Editoriali
Un'altra plastica è possibile
Per ridurre l’inquinamento non servono tasse, serve nuova tecnologia
Due ministri, Giancarlo Giorgetti del Mise e Roberto Cingolani della Transizione ecologica, sono in guerra con la Commissione europea sulla direttiva 904 del 2019, detta Sup (single use plastic) che dal 3 luglio mette fuori legge alcuni usi delle plastiche non riciclabili. L’Italia aveva approvato la direttiva, potendo vantare aziende e tecnologie in crescita, ma ne contesta un’interpretazione restrittiva, il divieto per oggetti e imballaggi in carta con una sottile pellicola di plastica.

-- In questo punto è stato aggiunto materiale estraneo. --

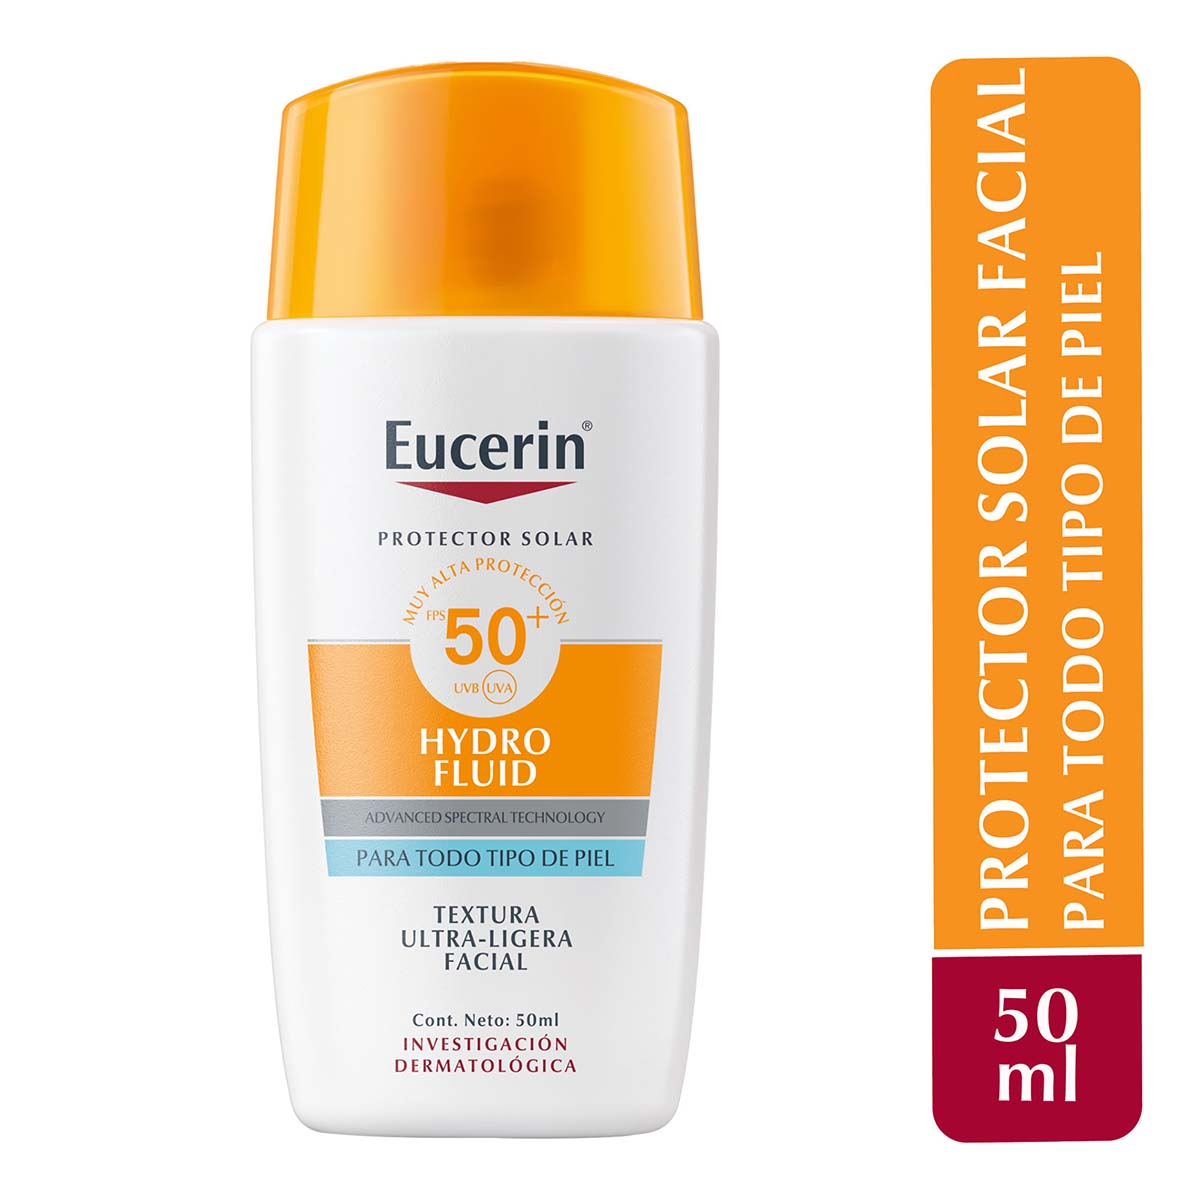 Eucerin sun face hydro-fluid protector solar facial ultra-ligero SPF 50+ 50ml.
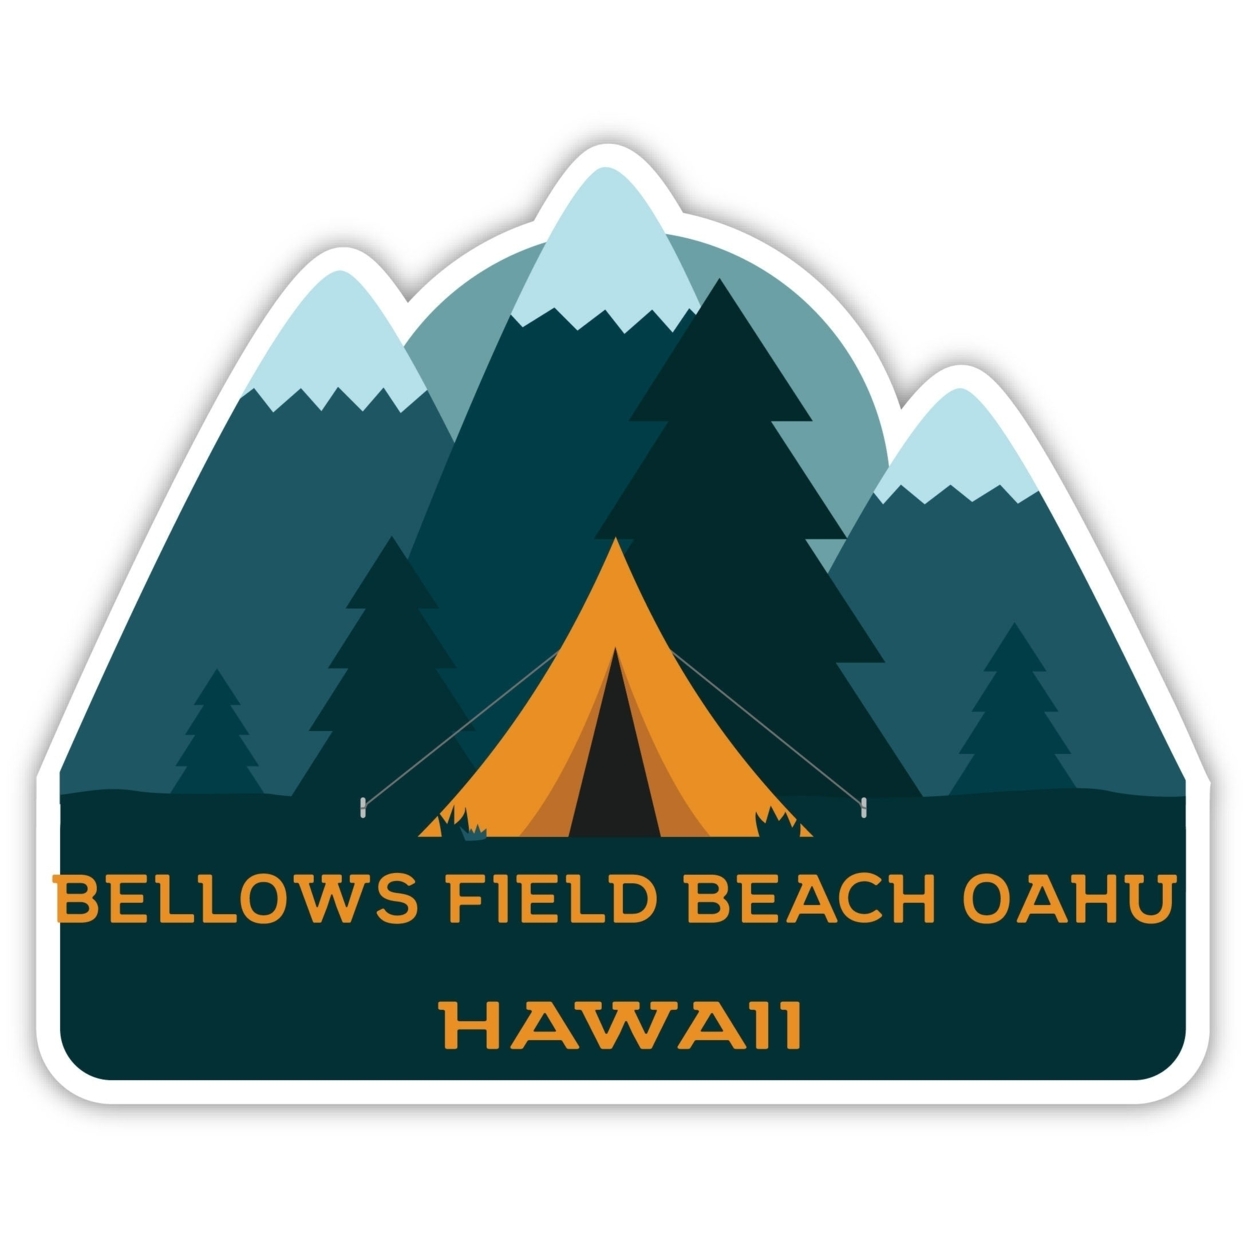 Bellows Field Beach Oahu Hawaii Souvenir Decorative Stickers (Choose Theme And Size) - Single Unit, 12-Inch, Tent

La difesa di un settore che impiega 50 mila addetti va bene purché nella logica di una trattativa e non della conservazione dell’esistente. Diversamente il rischio è ripetere gli errori fatti a suo tempo nell’auto (in buona compagnia di Germania e Francia) mentre incombevano le tecnologie ibride ed elettriche. Da quando big come Coca-Cola, Pepsi, Bacardi, Danone, Carlsberg hanno annunciato il lancio di bottiglie e contenitori completamente riciclabili si è capito che non era più questione di se o come, ma di quando. Anche perché si tratta di un’alternativa globale e certo meno inquinante alla plastic tax cui aveva pensato da noi il governo 5s-Lega.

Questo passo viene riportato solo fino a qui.